Fortunately, Dortmunder's jimmying methods did not ruin a door for future use. Had it been bright daylight—had the owner, let us say, returned to his store at a sensible hour tomorrow morning—certain scratches and dents might have been noticeable as he unlocked that door, but in the darkness of twelve-forty a.m. there was nothing to suggest to Mr. Skoukakis, if indeed it was he, that his defenses had been breached. Therefore, as Dortmunder ducked behind a display counter featuring cufflinks employing Roman themes, the calm unlocking continued, the front door opened, and the three men stepped inside, all of them talking at once.

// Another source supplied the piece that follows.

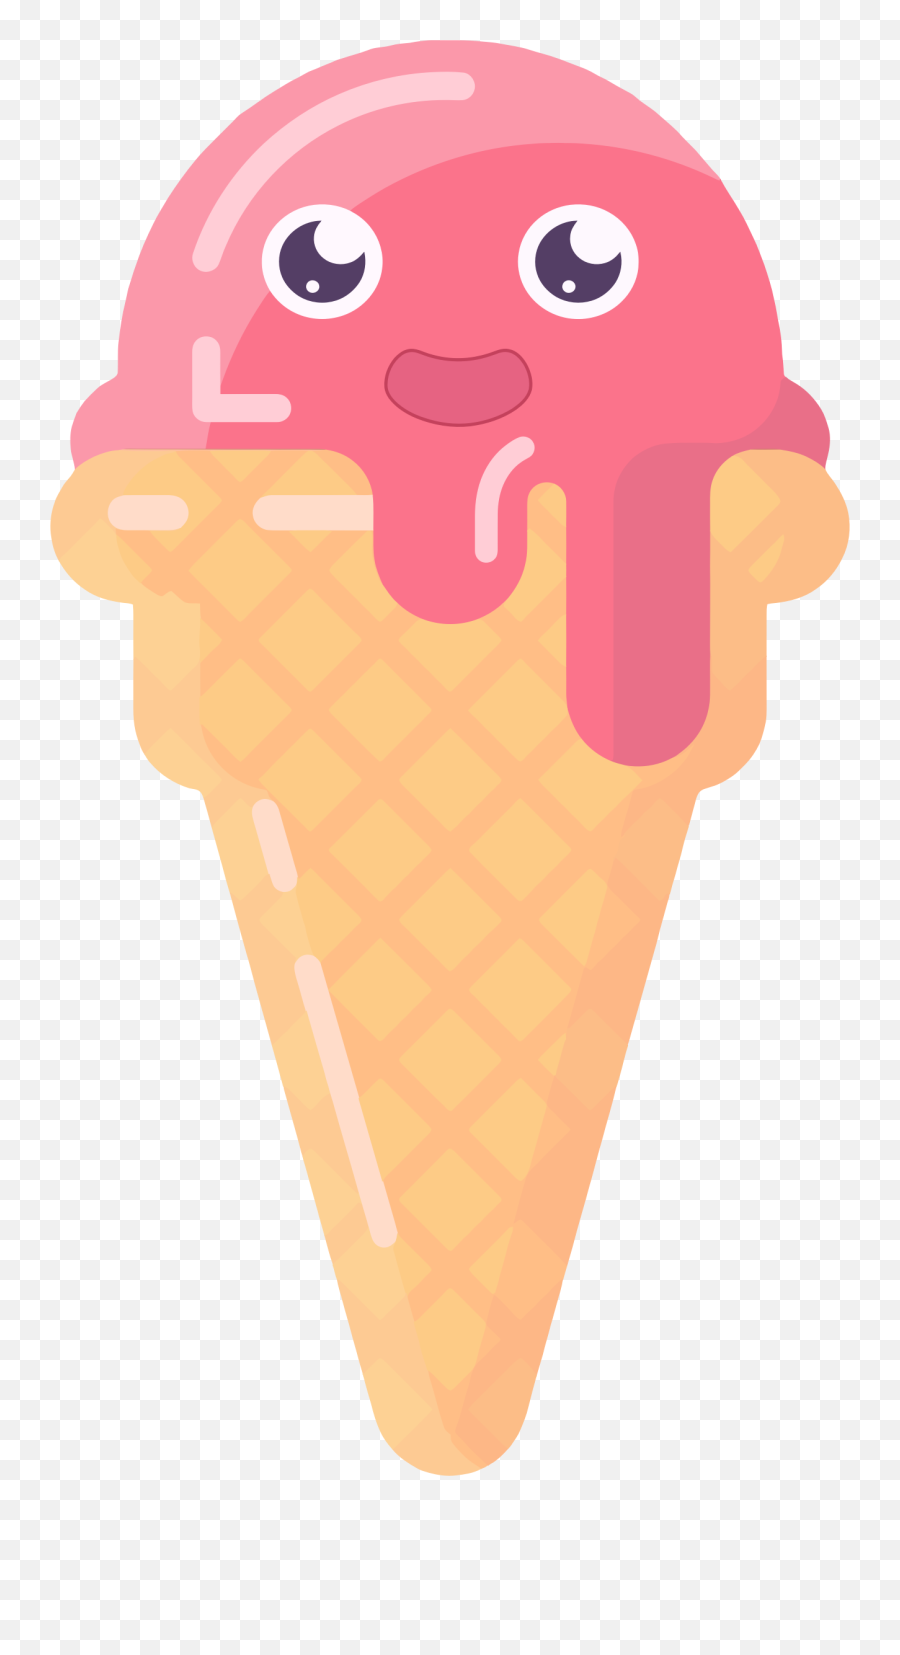 Cute Anthropomorphic Ice Cream Cone - Clip Art Ice Cream Cute Emoji,Ice Cream Cone Clipart

At first Dortmunder assumed the reason he couldn't understand what they were saying was because of their simultaneous transmissions, but then they sorted that out for themselves and began to speak one at a time, and Dortmunder still couldn't understand what they were talking about. So it must be some foreign language, though Dortmunder had no idea what. It was all Greek to him.

The two most recent arrivals were doing most of the talking, in quick excited staccato bursts, while the other man—a bit older, slower, more patient—made soothing calm responses. All of this in the dark, since no one had bothered to turn on any lights, for which Dortmunder was thankful. On the other hand, what were these people doing here, talking their foreign language in the dark of a closed jewelry store well after midnight?

Then Dortmunder heard the plok-chunk of a safe door being opened, and a very annoyed expression crossed his face. Were these burglars? He wished he could rise up above the counter level to see what they were doing over there, but he couldn't chance it. They were between him and the vague illumination from the street, so at best they'd be lumpy silhouettes while he might be identifiably a gray face in motion. So he stayed where he was, and listened, and waited.

Chock-whirrrrrr. That was surely the safe door being shut again, and the dial spun. Does a burglar reshut a safe when he's finished with it? Does a burglar spin the dial, to reassure himself that the safe is locked? Shaking his head, hunkering down as comfortably as possible behind the counter, Dortmunder continued to listen, and to wait.

Another flurry of foreign language followed, and then the sound of the door opening, and the voices receded. Dortmunder lifted his head slightly. The voices abruptly dropped to the faintest murmur as the door was slammed shut. A key rattled in the lock.

Dortmunder eased upward, stretching his neck, so that first to appear above the glass counter was his dry, thin hair-colored hair, like dead beach grass in January; then came his narrow forehead, creased with a million old worries; then his pale and pessimistic eyes, looking left and right and straight ahead, like some grim gag-item from a novelty shop.

They were going away. The three men were visible out there, crossing the sidewalk to their respective cars, the older man still slow and methodical, the others still brisk. Those two got into their car first, started the engine with a roar, and had raced away before the older man even got behind the wheel.

Dortmunder moved upward another inch and a half, revealing gaunt cheekbones and a narrow, long crooked nose, the bottom of which he rested on the cool glass of the countertop.

The older man got into his car. A period of time went by. "Maybe," Dortmunder muttered against the wooden sliding door on the back of the display case, "his doctor told him to slow down."

A match flared in the car. It dipped down, then flared up; dipped down, flared up; dipped down, flared up; dipped down. Went out.